JOHN FREEMAN: Absolutely.
ERNESTO QUINONEZ: Coming to this book, How to Read a Novelist, which is all these interviews that John has done with all these writers, one that struck me was Paul Theroux. Paul Theroux says-- and I wanted to ask you what was that about-- he says, people don't write about sex anymore. Well, what planet is he in? People don't write about sex? I mean, did you give him a copy of Shades of Grey?
JOHN FREEMAN: No, this-- I should say that this interview was conducted pre- Shades of Grey. And it was when he had written a book about a guy who goes to Ecuador and takes ayahuasca, which is a hallucinogen, which William Burroughs and all these other people took, which, for the purposes of the novel, it induces temporary blindness but total hornality, where all he wants to do is have sex.
ERNESTO QUINONEZ: But you're blind.
JOHN FREEMAN: But you're blind.
ERNESTO QUINONEZ: Sounds like the Greek gods.
JOHN FREEMAN: Yeah. Theroux came from a different era of writing about sex, which is like, you have to be as anatomical and specific as possible, preferably with rolling camera shots. And obviously, sex changes as our behavior changes. I think what he meant, probably, is that the power of sex to shock is not there anymore. And he grew up in an era where you had to buy pornography from illicit storefronts in black bags. And now someone here could be downloading it right now because I'm so boring. And that is a significant change.
And I do find-- when I was at Granta, we made an issue about sex, and it was really hard to fill because writing about sex is often-- it's writing about intimacy, which is difficult as it is. It's hard to storyboard that anyway. And then on top of that, in a world in which we're saturated with pornography, it's hard to write about sex without being realistic because we have all these images in our heads about what sex probably looks like. But novels are not, and fiction is not what life looks like. It's what life feels like. And I think maybe that's what he was also writing about or talking about, when he talked about sex.
ISHION HUTCHINSON: I want to jump quickly to the book as well because I read it in one sitting. It was fascinating. And what I really love is the way in which you manage the tone here, which is often critical but very personal, as well. And I think it's a style that is hard to take do seriously. And I wonder if you could talk a bit about that synthesis. How did you arrive at it? Is it natural? Did it evolve?
JOHN FREEMAN: I should say both of my parents were social workers. An example of one of my high school life dinners was where my mom bought this book called Everything I Needed to Know I Learned in Kindergarten. And then we read a chapter every night, and then we discussed it. We had family meetings on Sundays with agendas, which involved things like Tim is stealing my money, Andy doesn't like me. We had a family therapist. And my dad's style for getting information was quite [? counsel-like. ?] He would just bore down on you and ask questions until you gave up the goods. He was not actually a therapist. He became an administrator, of course. My mother was a listener.
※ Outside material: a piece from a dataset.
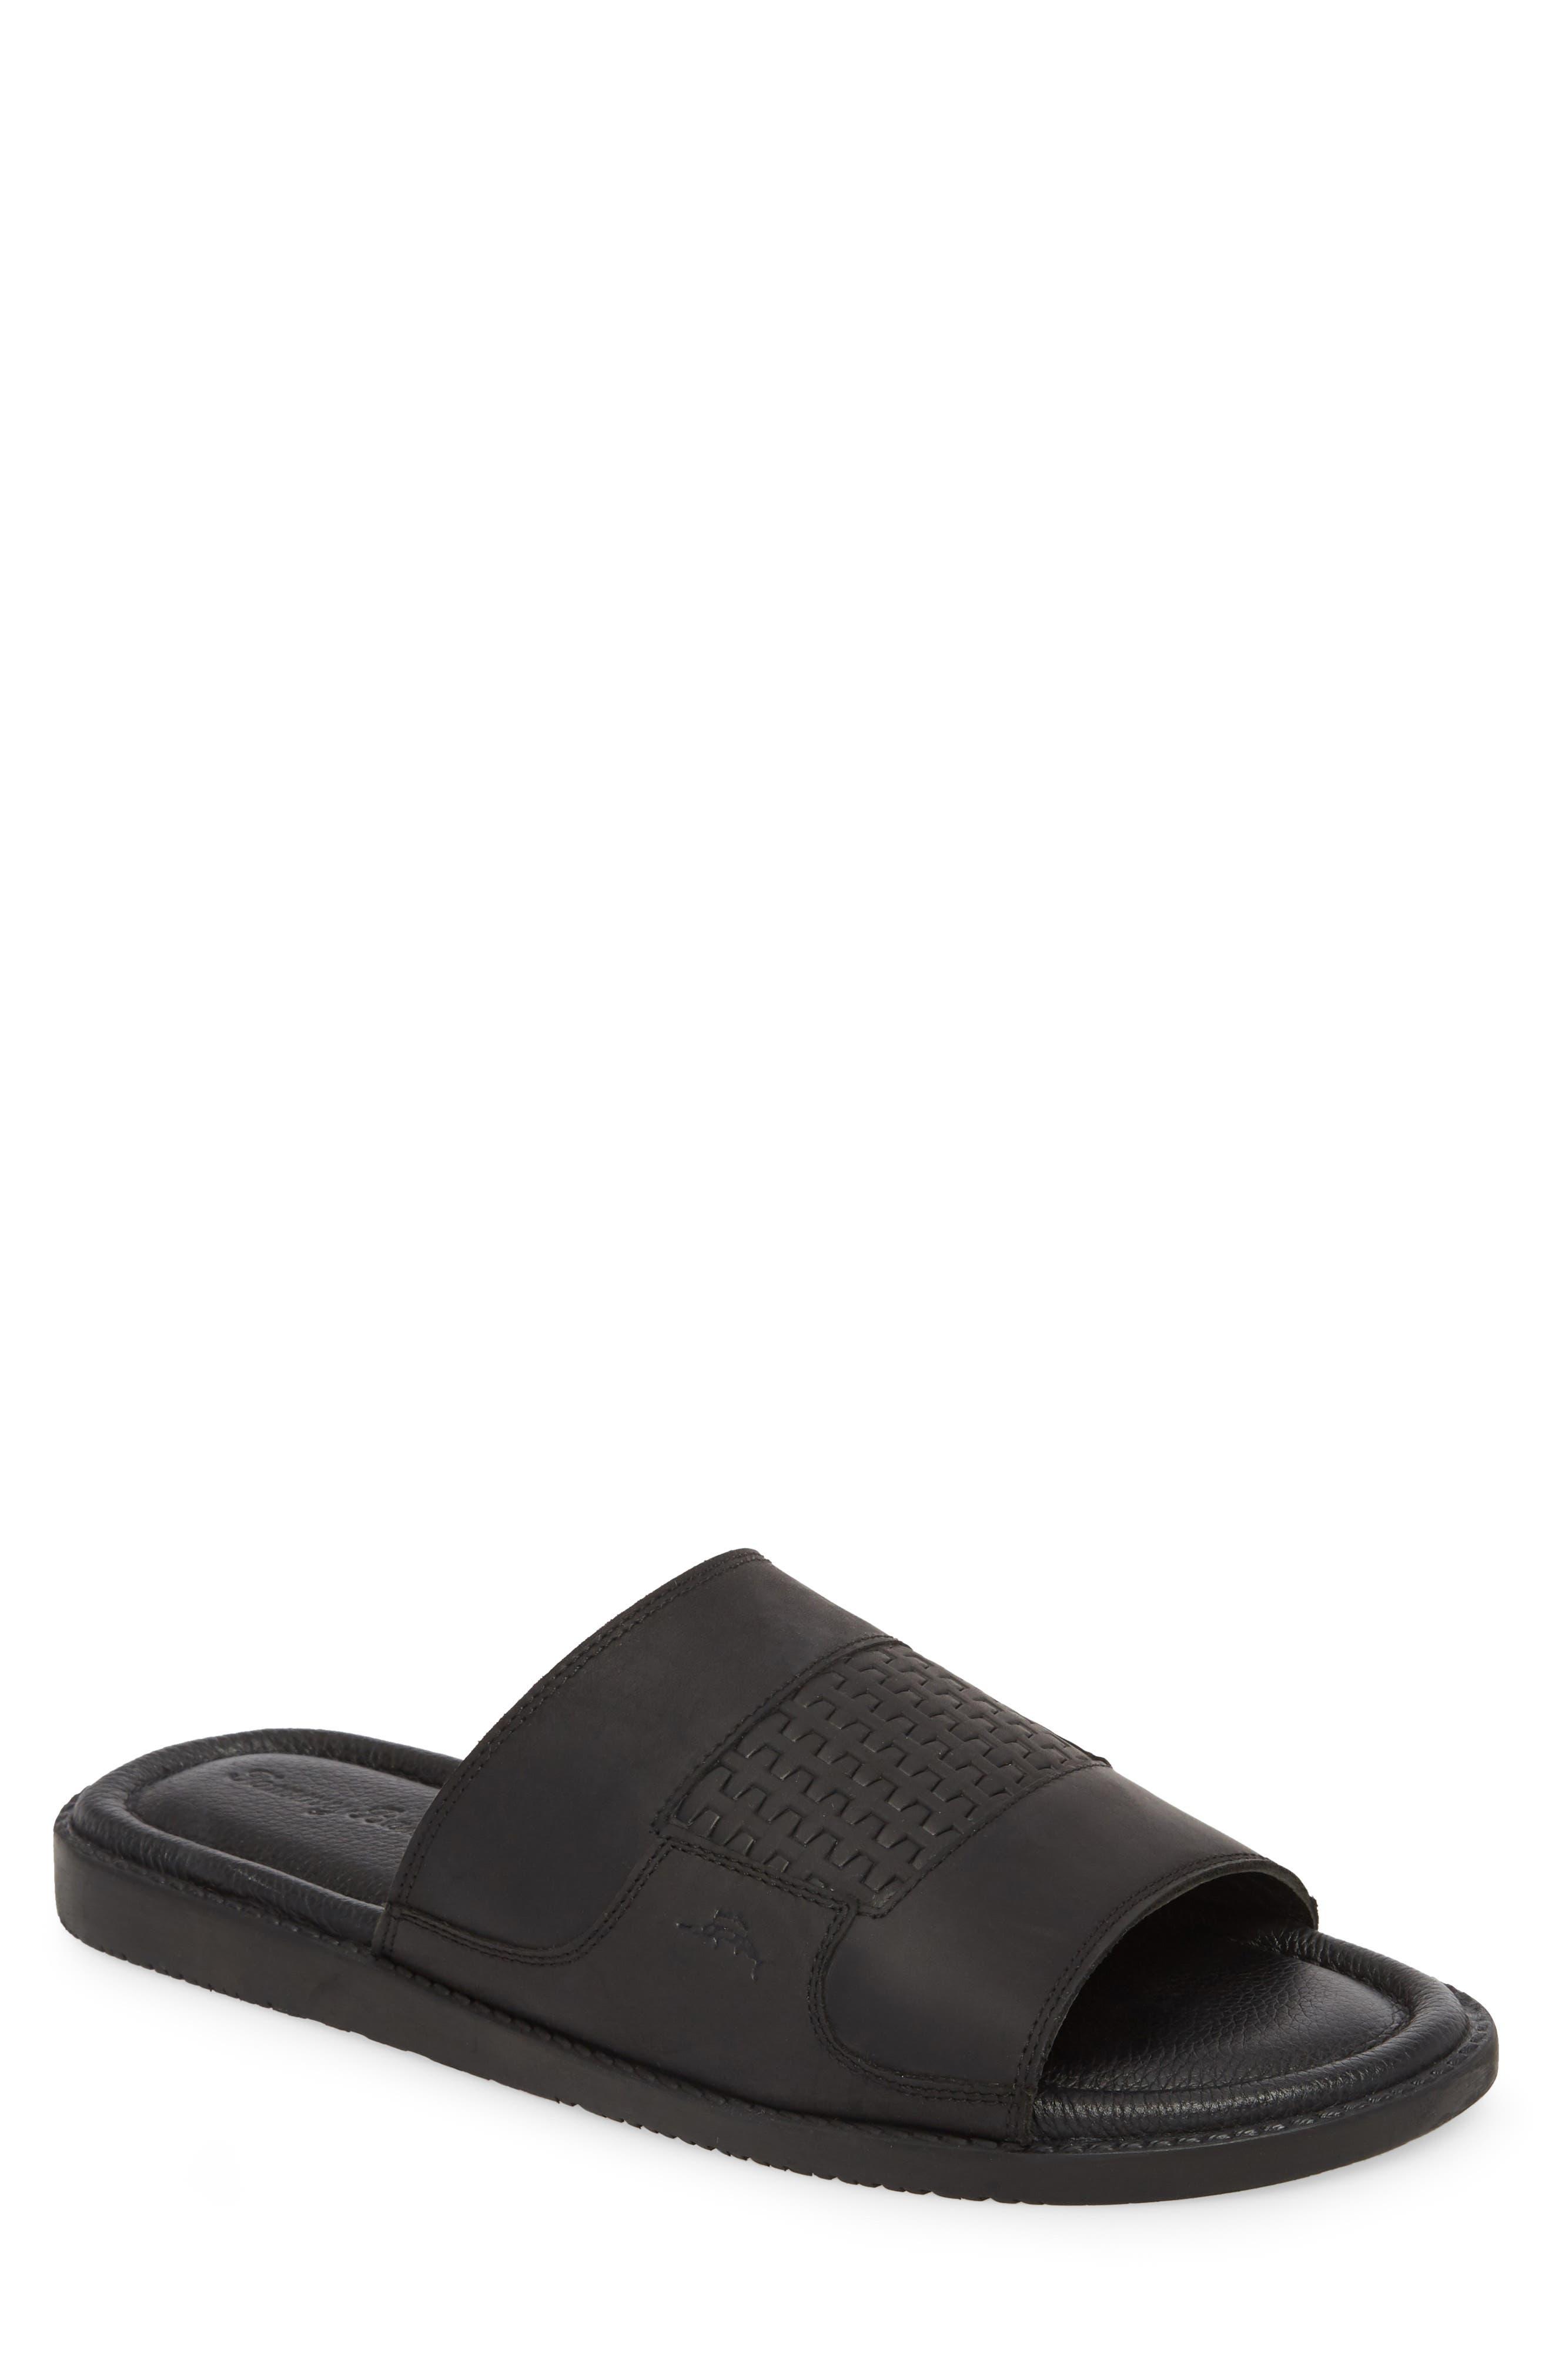 Gennadi Palms Slide Sandal,                             Main thumbnail 1, color,                             BLACK LEATHER

And as a result of this, I grew up in an environment in which asking questions and listening to them was important. And I felt, in talking to writers like Nadine Gordimer or Toni Morrison or Salman Rushdie, the last thing that the reader wanted to know about was how I felt as a journalist talking to them. What I wanted to do was to put the reader in the room with them and to set the ball in motion and see what they wanted to talk about once I asked questions to see how they responded. So it's a bit of a false construct because I am there asking the questions, selecting the answers which I found interesting, describing what I describe, but I'm trying to stay as much out of the picture as possible because I think, with a group of writers like the ones I talked to in this book, it would be absurd for me to, I think, push my subjectivity forward.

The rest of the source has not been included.